Population stratification can cause spurious associations in a genome-wide association study (GWAS), and occurs when differences in allele frequencies of single nucleotide polymorphisms (SNPs) are due to ancestral differences between cases and controls rather than the trait of interest.

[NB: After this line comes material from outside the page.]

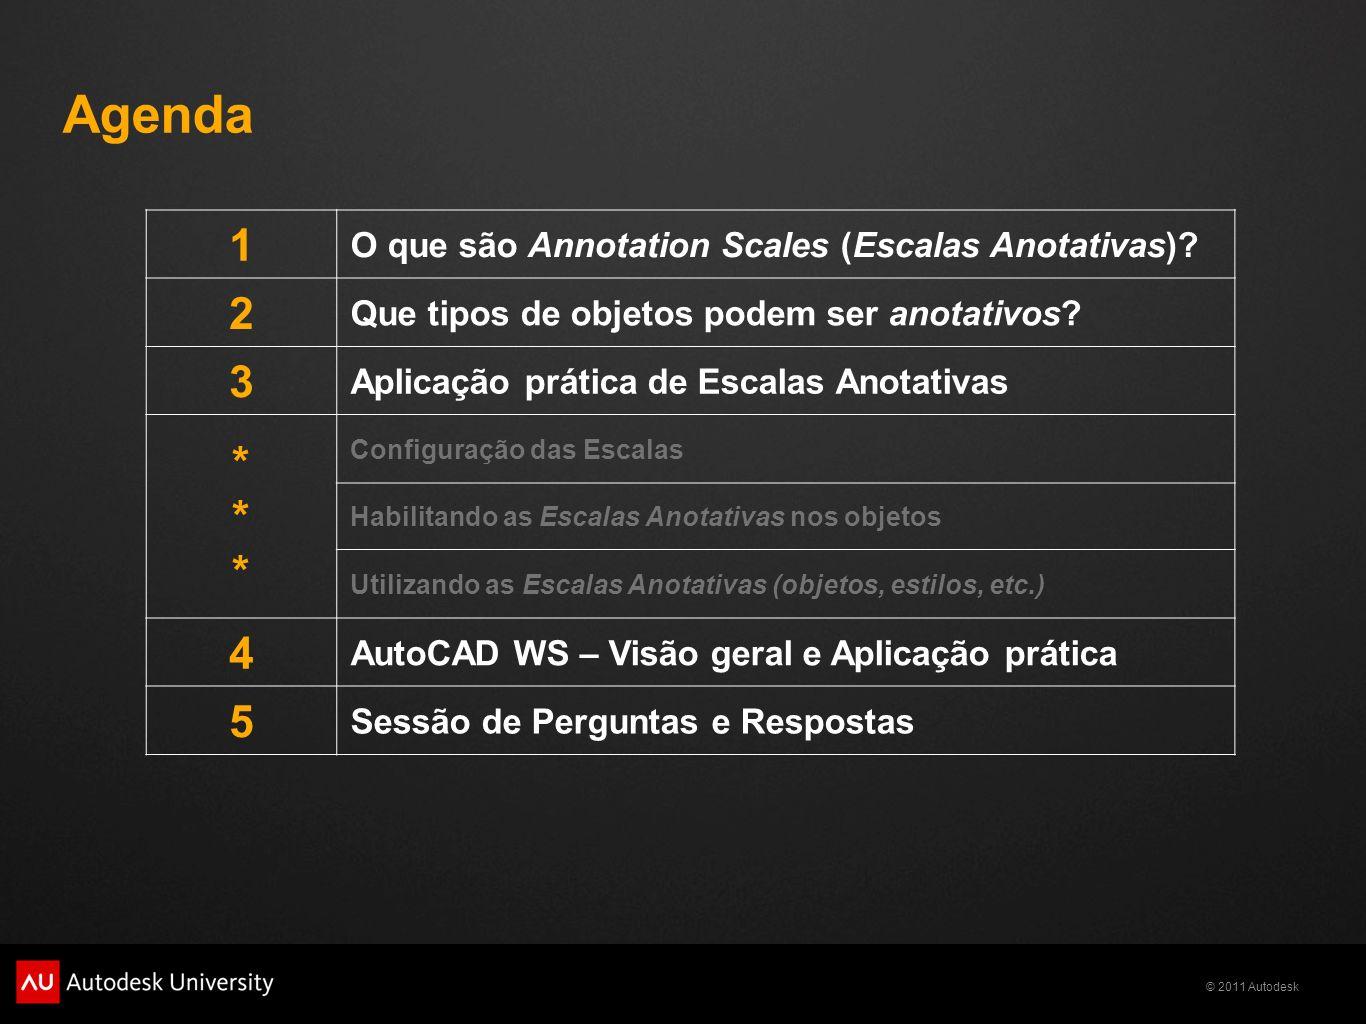 © 2011 Autodesk Agenda 1 O que são Annotation Scales (Escalas Anotativas)? 2 Que tipos de objetos podem ser anotativos? 3 Aplicação prática de Escalas

Principal components analysis (PCA) is the established approach to detect population substructure using genome-wide data and to adjust the genetic association for stratification by including the top principal components in the analysis. An alternative solution is genetic matching of cases and controls that requires, however, well defined population strata for appropriate selection of cases and controls.
We developed a novel algorithm to cluster individuals into groups with similar ancestral backgrounds based on the principal components computed by PCA. We demonstrate the effectiveness of our algorithm in real and simulated data, and show that matching cases and controls using the clusters assigned by the algorithm substantially reduces population stratification bias. Through simulation we show that the power of our method is higher than adjustment for PCs in certain situations.
In addition to reducing population stratification bias and improving power, matching creates a clean dataset free of population stratification which can then be used to build prediction models without including variables to adjust for ancestry. The cluster assignments also allow for the estimation of genetic heterogeneity by examining cluster specific effects.
群体分层在全基因组关联研究(GWAS)中可能导致虚假关联,当单核苷酸多态性(SNP)的等位基因频率差异是由于病例组和对照组之间的祖先差异而非所关注的性状引起时,就会发生群体分层。主成分分析(PCA)是利用全基因组数据检测群体亚结构并通过在分析中纳入主要主成分来调整遗传关联以消除分层影响的既定方法。一种替代解决方案是对病例组和对照组进行遗传匹配,然而,这需要明确界定的群体分层以便恰当地选择病例组和对照组。
我们开发了一种新算法,基于PCA计算出的主成分将个体聚类为具有相似祖先背景的群体。我们在真实数据和模拟数据中证明了我们算法的有效性,并表明使用该算法所划分的聚类来匹配病例组和对照组可大幅降低群体分层偏差。通过模拟我们表明,在某些情况下我们方法的效能高于对主成分的调整。
除了降低群体分层偏差和提高效能外,匹配还创建了一个无群体分层的纯净数据集,该数据集随后可用于构建预测模型,而无需纳入用于调整祖先因素的变量。聚类分配还允许通过检查聚类特异性效应来估计遗传异质性。